Purified plasmids were used for transfections of COS7 and HEK293 cells. Cells were grown in 35-mm tissue culture dishes to 95% confluency and transfected with 4 μg plasmid and 10 μl Lipofectamine 2000 (Invitrogen) per dish. After 24 h, cells were harvested and prepared for RNA extraction. Total RNA was isolated using the QIAamp RNA Blood Mini Kit (Qiagen). Reverse transcription (RT)-PCR was performed with 1 μg of total RNA in a 20-μl reaction using an RT system (AMV reverse transcriptase; Promega). The resulting cDNA was PCR-amplified using primers hybridising to exons 2 and 4; afterwards, all products were sequenced. PCR primers and conditions are available on request. For both alleles the experiments were analysed in triplicate.

To estimate whether the cDNAs obtained by the minigene approaches are also detectable in vivo and to exclude the possibility that the mutant allele merely represents an alternatively spliced product also present in some WT transcripts, we additionally analysed human total kidney RNA (Invitrogen).

Results and discussion

The locus-specific database (as of 9 May 2006) (http://www.humgen.rwth-aachen.de) currently contains almost 300 different PKHD1 mutations; however, experimental or functional data have not been shown in any of these mutations.
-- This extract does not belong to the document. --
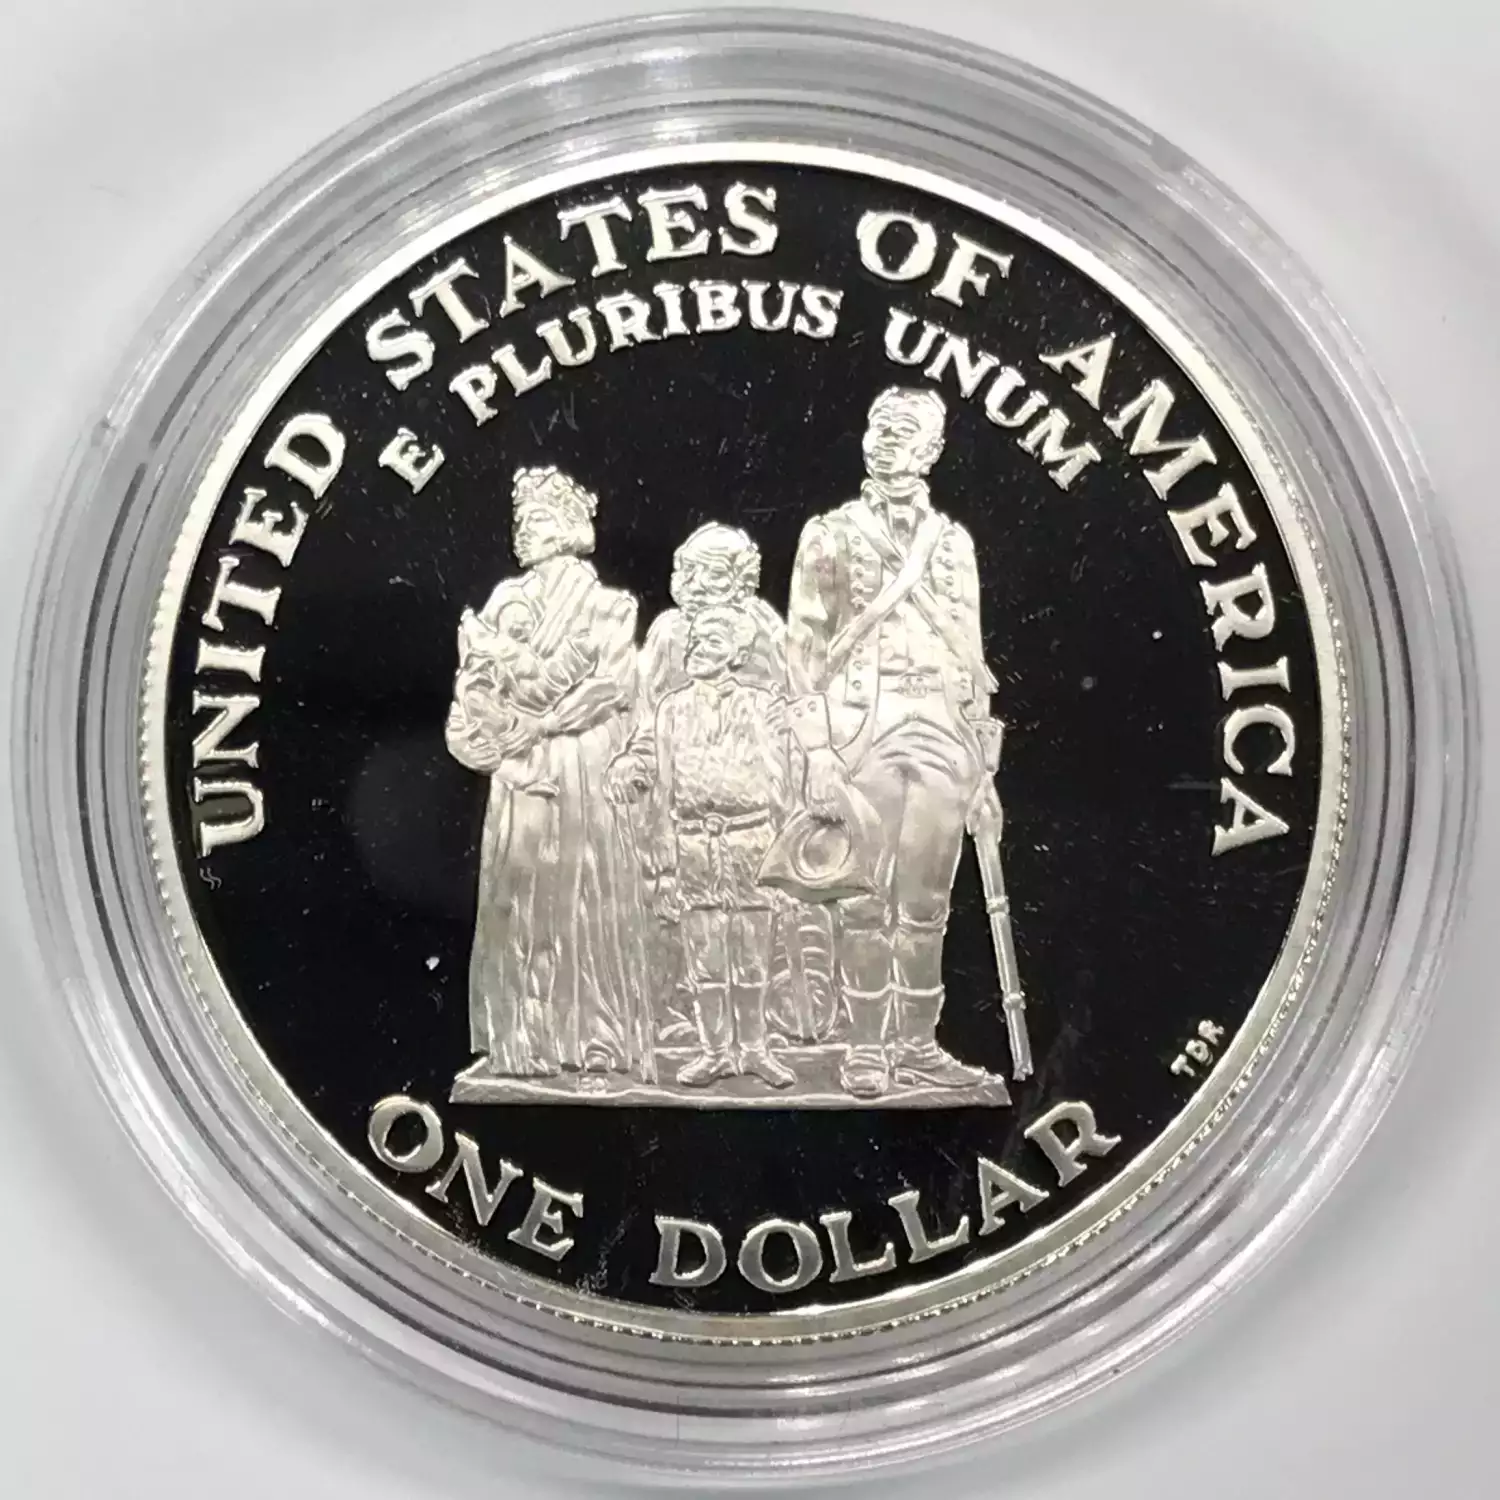 1998-S Black Revolutionary War Patriots Proof Silver Dollar w US Mint Box & COA

This is mainly caused by the fact that investigations at the transcript level are severely hampered as PKHD1 is not widely expressed in peripheral blood lymphocytes, which is the material usually available from patients for mRNA analyses. Given that biological effects of intronic changes beyond consensus splice sites are difficult to assess without further functional analyses, only PKHD1 changes affecting core splice consensus sequences have been considered as pathogenic so far.

In line with this, we classified the novel PKHD1 variant c.53-3C>A in IVS2 as a change of unknown significance despite several lines of evidence in favour of its putative pathogenicity. First, the change was shown to reside on the maternal chromosome of the perinatally deceased index patient, whereas the frame-shifting mutation c.5895dupA (p.Leu1966fs) in exon 36 segregated paternally. Moreover, the novel variant was not detected among 200 normal controls, and bioinformatic programs (http://www.fruitfly.org/seq_tools/splice.html and http://www.cbs.dtu.dk/services/NetGene2) predicted a significant lowering of the strength of the acceptor splice site of intron 2 (scores of 0.81–0.20 and 0.63–0.17 respectively). Although these prediction programs may be quite useful, their significance should not be overestimated and respective data have to be dealt with carefully. Moreover, the prevalence of any individual PKHD1 mutation can be expected to be very low in the general population, given an estimated carrier frequency of approximately 1:70 in non-isolated populations (Zerres et al. 1998) and the vast number of different alleles (http://www.humgen.rwth-aachen.de). Thus, despite screening of a large number of normal chromosomes, evidence from segregation analysis, and lack of further changes in the rest of the gene, we did not feel confident about postulating a pathogenic impact of c.53-3C>A on the mature PKHD1 RNA given that its location at position −3 did not affect the splice consensus dinucleotides.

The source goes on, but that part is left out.